(Exercise instructions): Restate the listing below line for line and word for word, without the pictures.

(Supplied data):
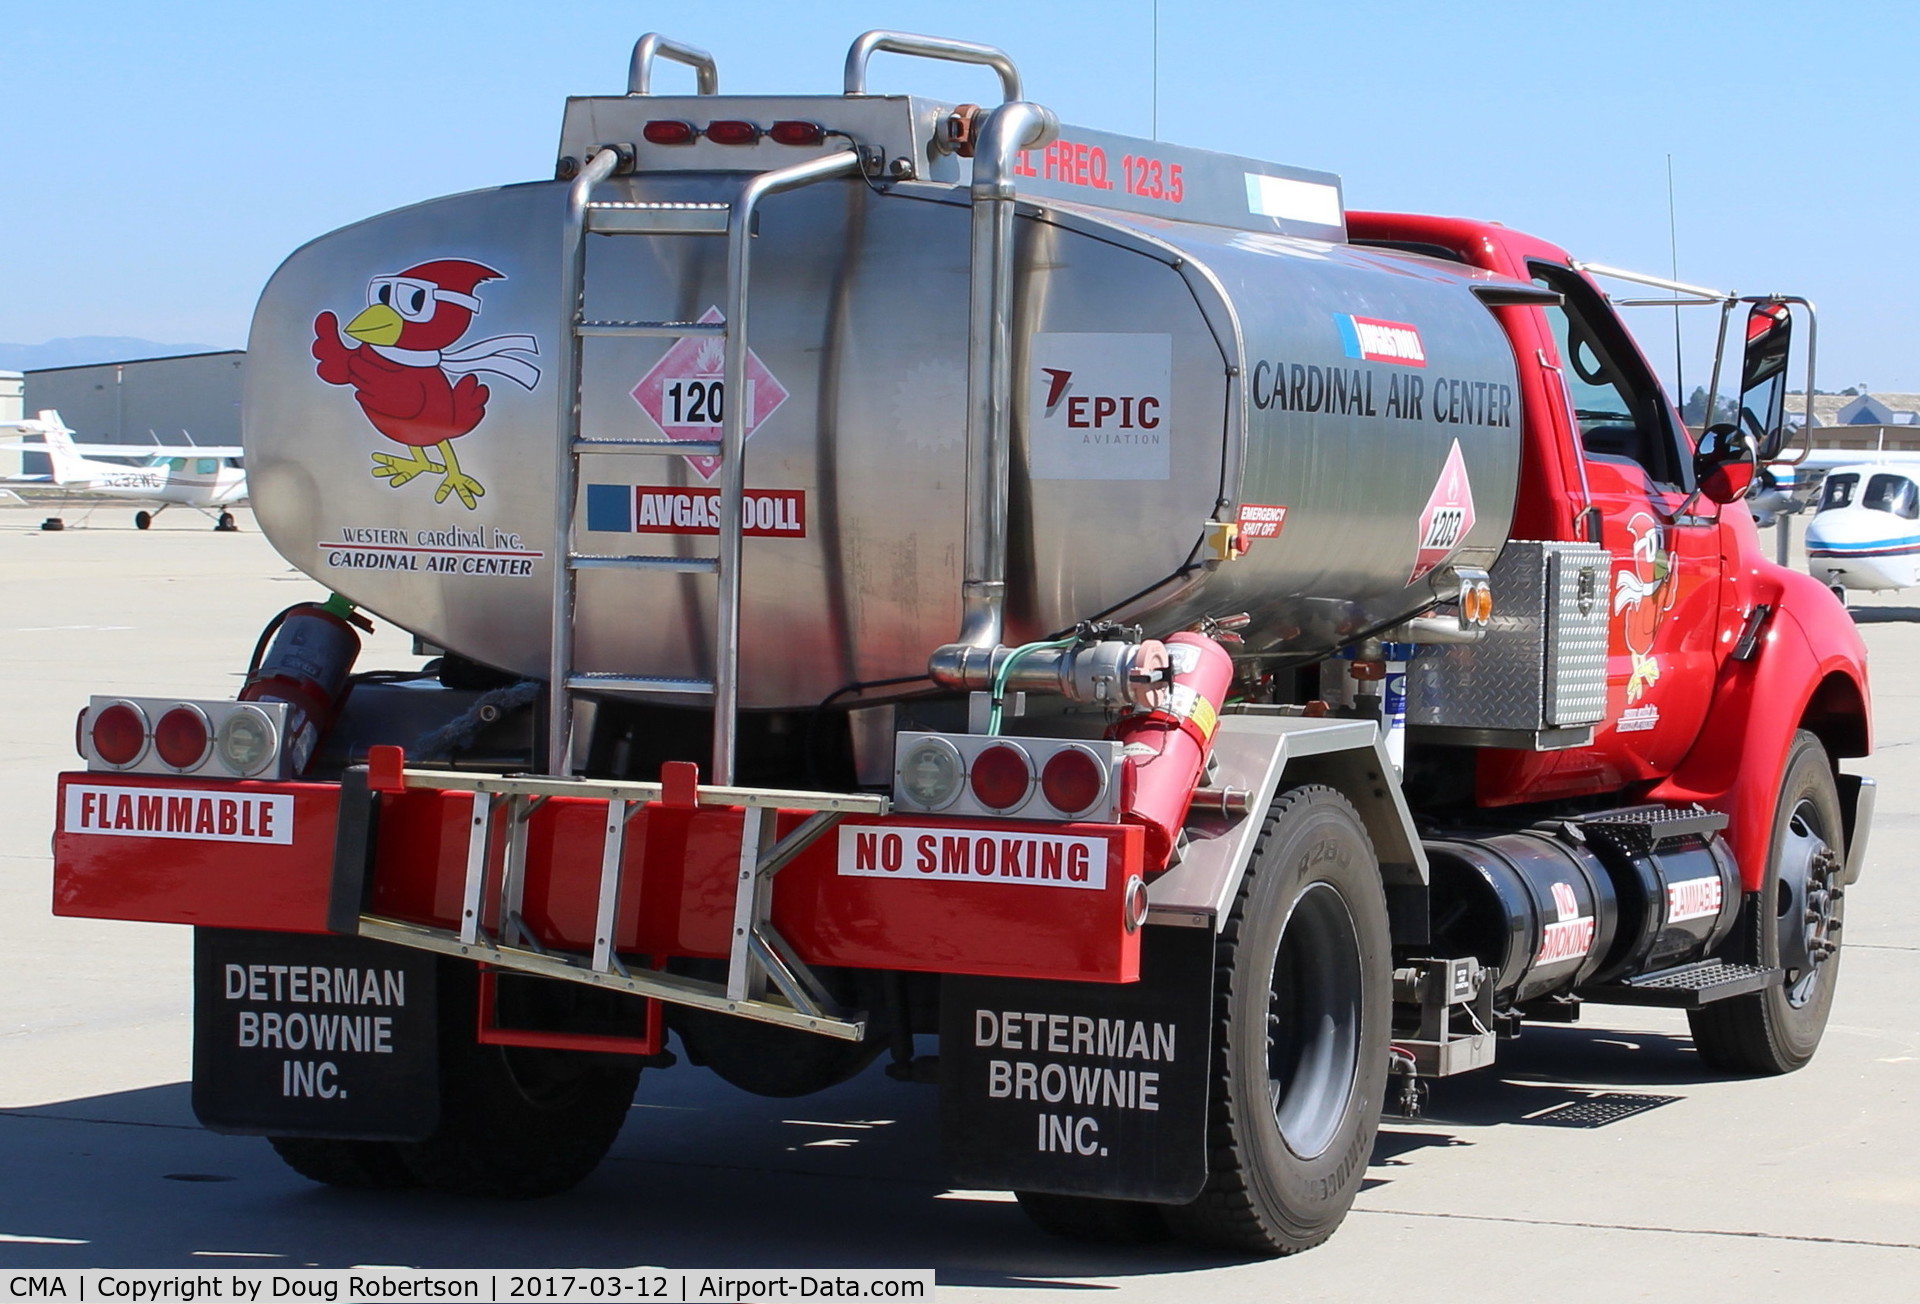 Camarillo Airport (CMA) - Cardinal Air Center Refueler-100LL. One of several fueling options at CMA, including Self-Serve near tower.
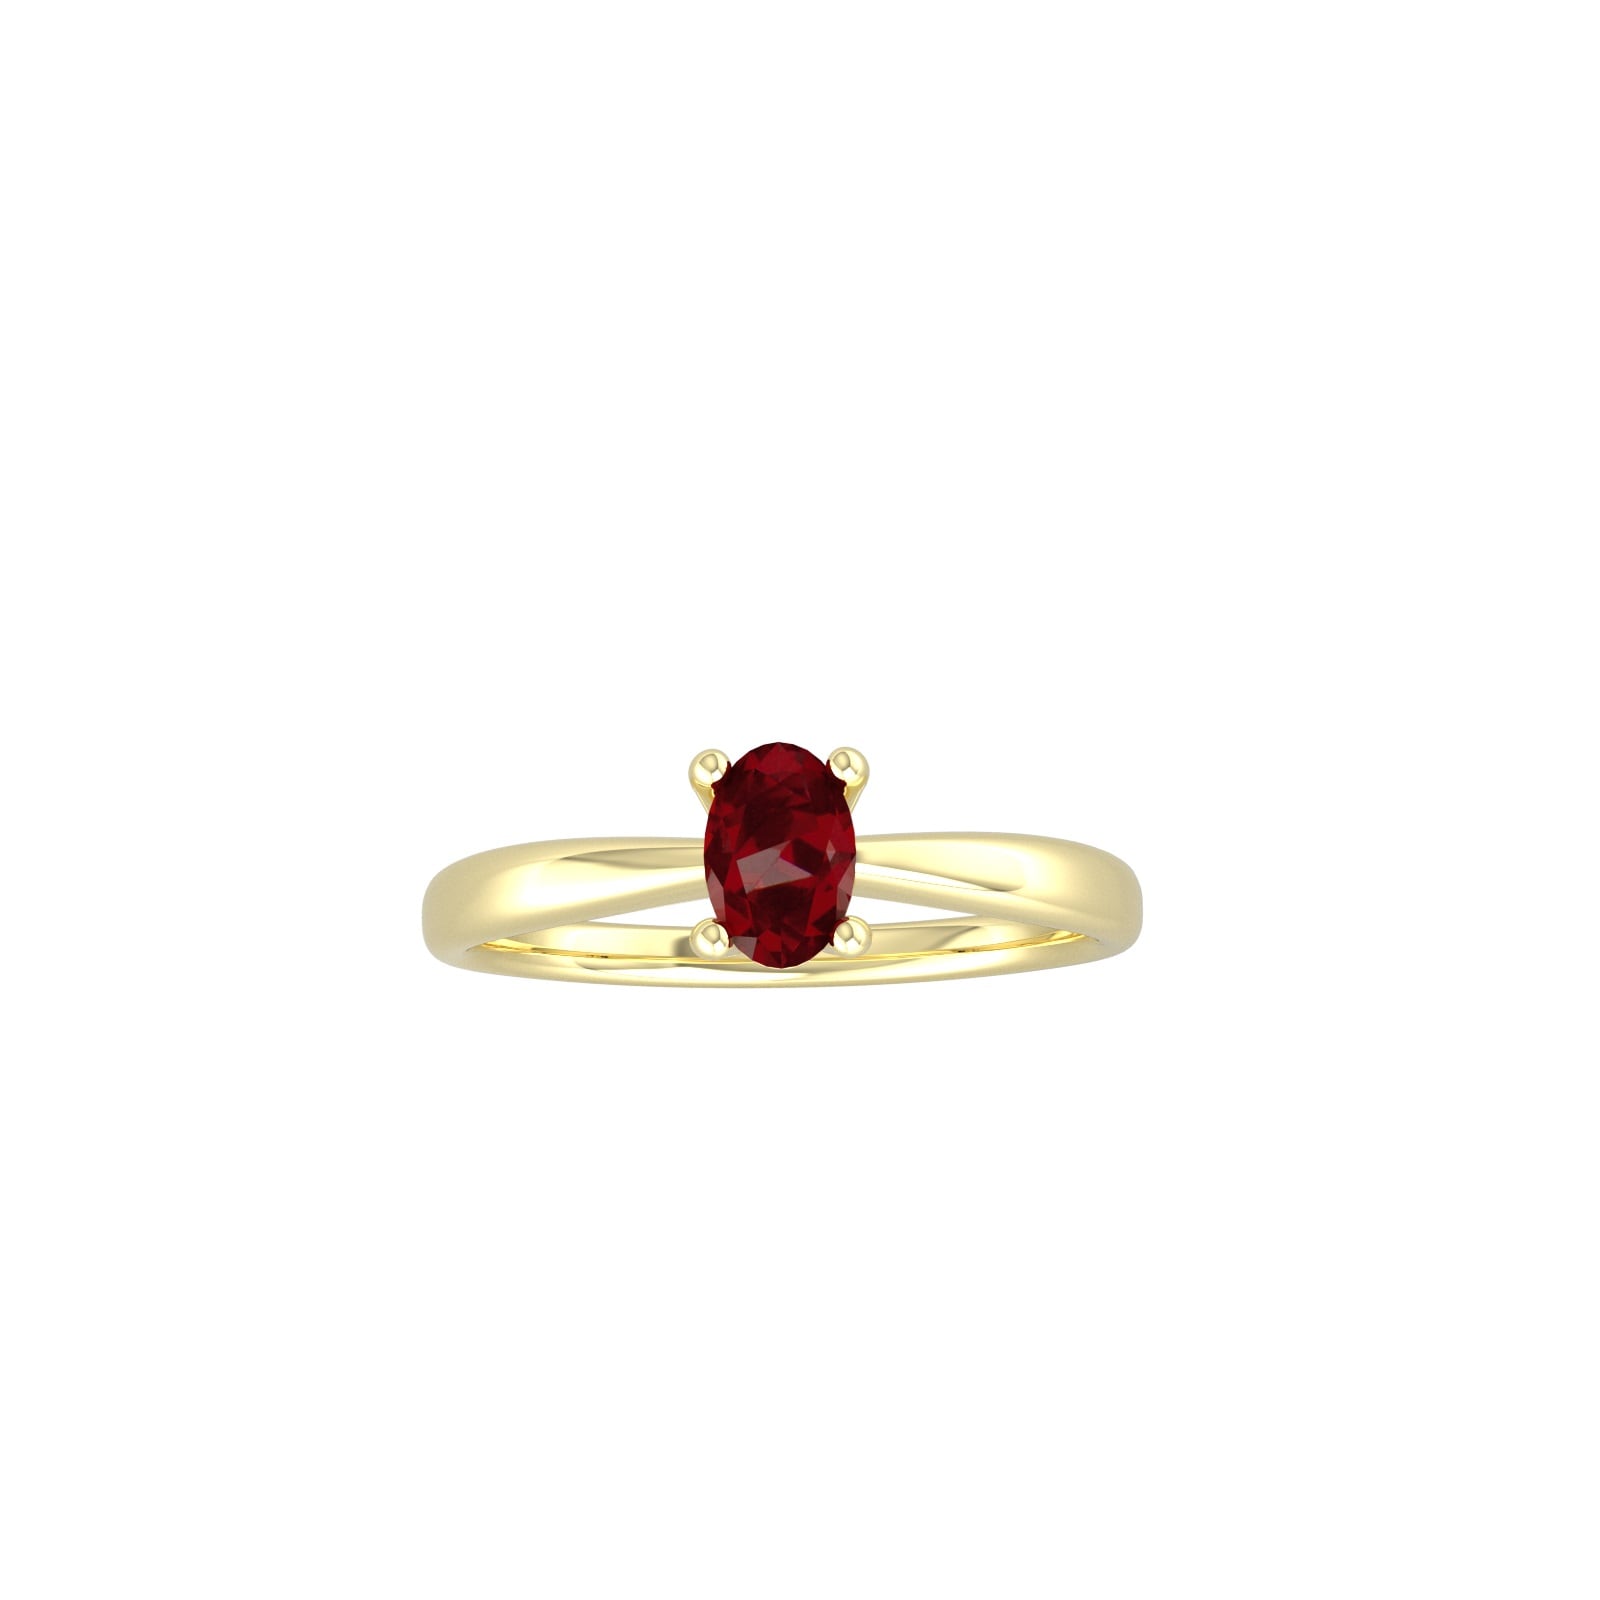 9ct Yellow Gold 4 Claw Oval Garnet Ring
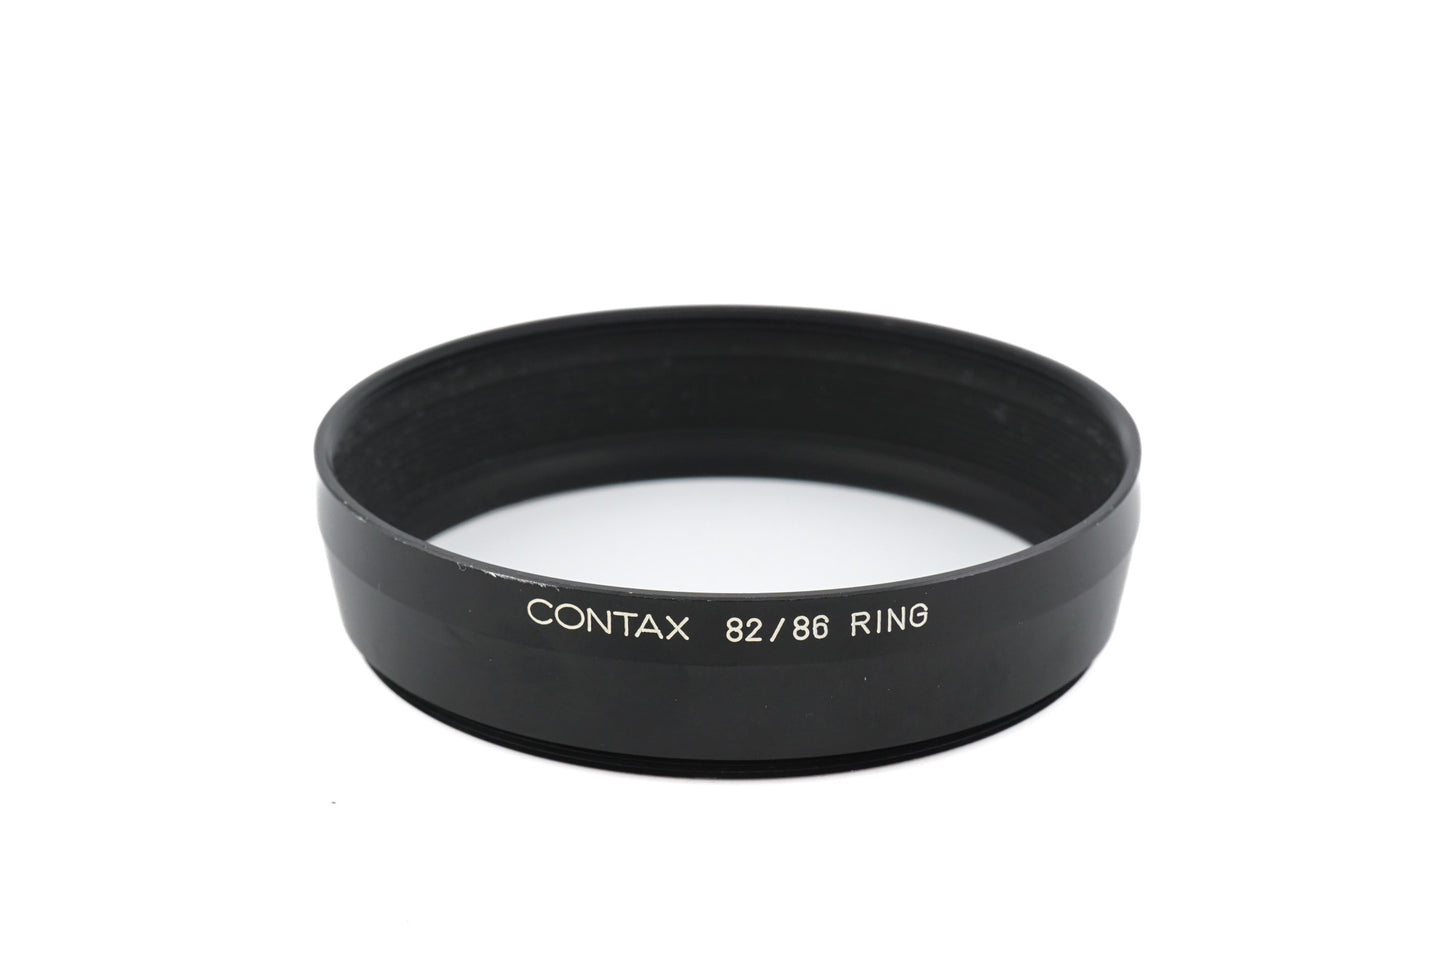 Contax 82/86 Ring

(Response for this exercise):
 Camarillo Airport (CMA) - Cardinal Air Center Refueler-100LL. One of several fueling options at CMA, including Self-Serve near tower.
 9ct Yellow Gold 4 Claw Oval Garnet Ring
 Contax 82/86 Ring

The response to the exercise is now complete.